My C# implementation follows. Just call Program.Main(). This code handles overflow very poorly – if you try values of n larger than 22801763489, or increasing the wheel size, there’s a good chance you’ll start seeing garbage values.
Nathan, that is very impressive. Thanks for sharing as well as the writeup you did for stackoverflow and your web page. I saw another approach here: http://mathematica.stackexchange.com/questions/80291/efficient-way-to-sum-all-the-primes-below-n-million-in-mathematica that looks more analogous to Meissel’s formula (with the Legendre phi replaced by the S(v,p) function).
Pari/GP. 2m20s
Perl 47s
Perl 12s
That’s not *too* far off primesieve’s 7 seconds. Both work by generating primes with a segmented sieve and doing something with the results. Someday I may add one of the fast sums, but memory and code size (standard C) are important.
Using The Lagarias-Miller-Odlyzko method for counting primes improved by Deleglise-Rivat it easy to write a ithprime(n) function which returns the n-th prime in time (n^(2/3)/log(n)^2).
This algorithm return ithprime(10^9) = 22801763489 in 0.03s.
The number of primes up to x may be written pi(x) = sum(1, for p in primes(x)) = sum(f(p) for p in primes(x)) where f(p) = 1.
The Lagarias-Miller-Odlyzko method may be used with very small changes to compute Sf(x) = sum(f(p) for p in primes(x)), still with O(x^(1/3)/log(x)^2) operations
for every function f such that f(ab) = f(a) f(b). This is explained in the paper
Maximal product of primes whose sum is bounded, by M. Deléglise and J.-L. Nicolas, arXiv:1207.0603v1,p 25-35.
If we take for f the identity function f(x) = x we get Sf(x) = sum(p for p in primes(x).
This algorithm computes
Sf(22801763489) = 11138479445180240497 en 0.9s.

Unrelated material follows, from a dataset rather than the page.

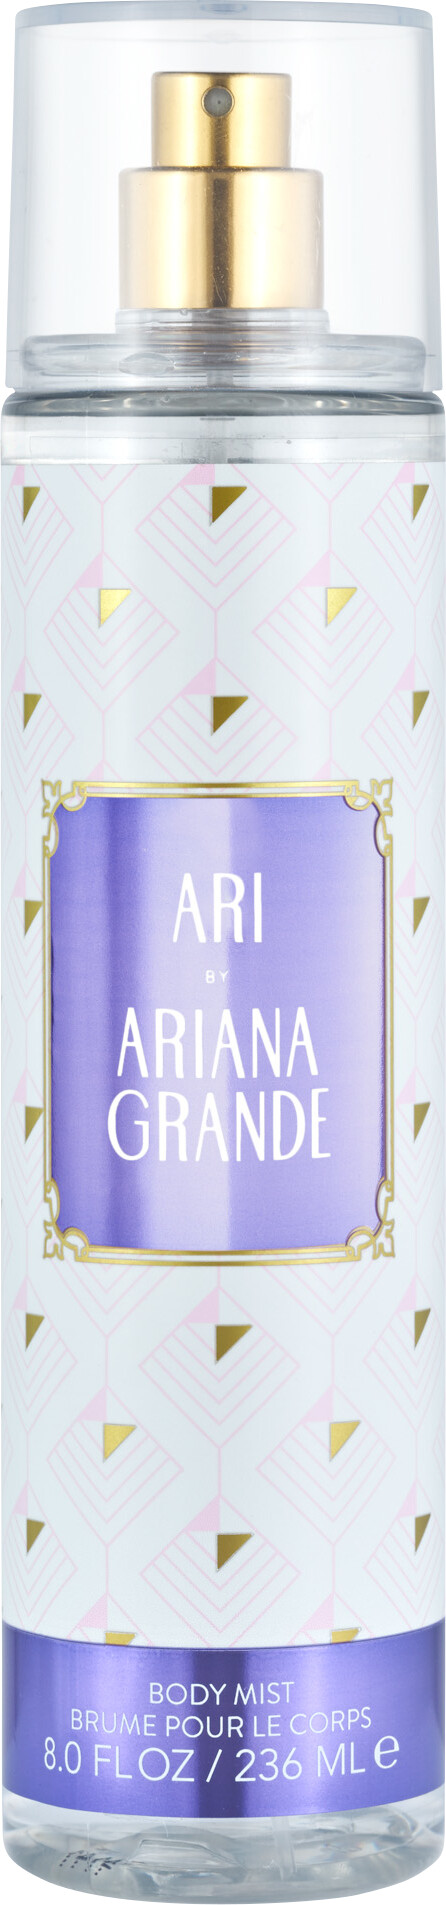 Ariana Grande Ari Body Mist 236ml

If we replace one billion, 10^9 by 10^12 wet get respectiviely
ithprime(10^12) = 29996224275833 in 1.5s
and then Sf( 29996224275833) = 14738971133550183905879827 in 5.6s.
@Marc Deleglise, very interesting, can you show us the code used or post a link to it (since this is a programming website not a math one)?
This is a quick and dirty way of explicitly computing the sum using CUDA:
This code uses the thrust library for a parallel reduction as well as my CUDASieve library (https://github.com/curtisseizert/CUDASieve) for parallel prime generation. The fastest block size of 2^32 runs in about 630 ms on my GTX 1080 but takes about 1.6 GB of device memory during this time. One could significantly improve the speed of this by changing the source code of CUDASieve in order to obviate generating lists of primes. This would theoretically take only a few kb over the memory required to store the list of sieving primes for the Eratosthenes implementation (~60 kb) and would have a likely run time essentially equal to that of simply counting the primes.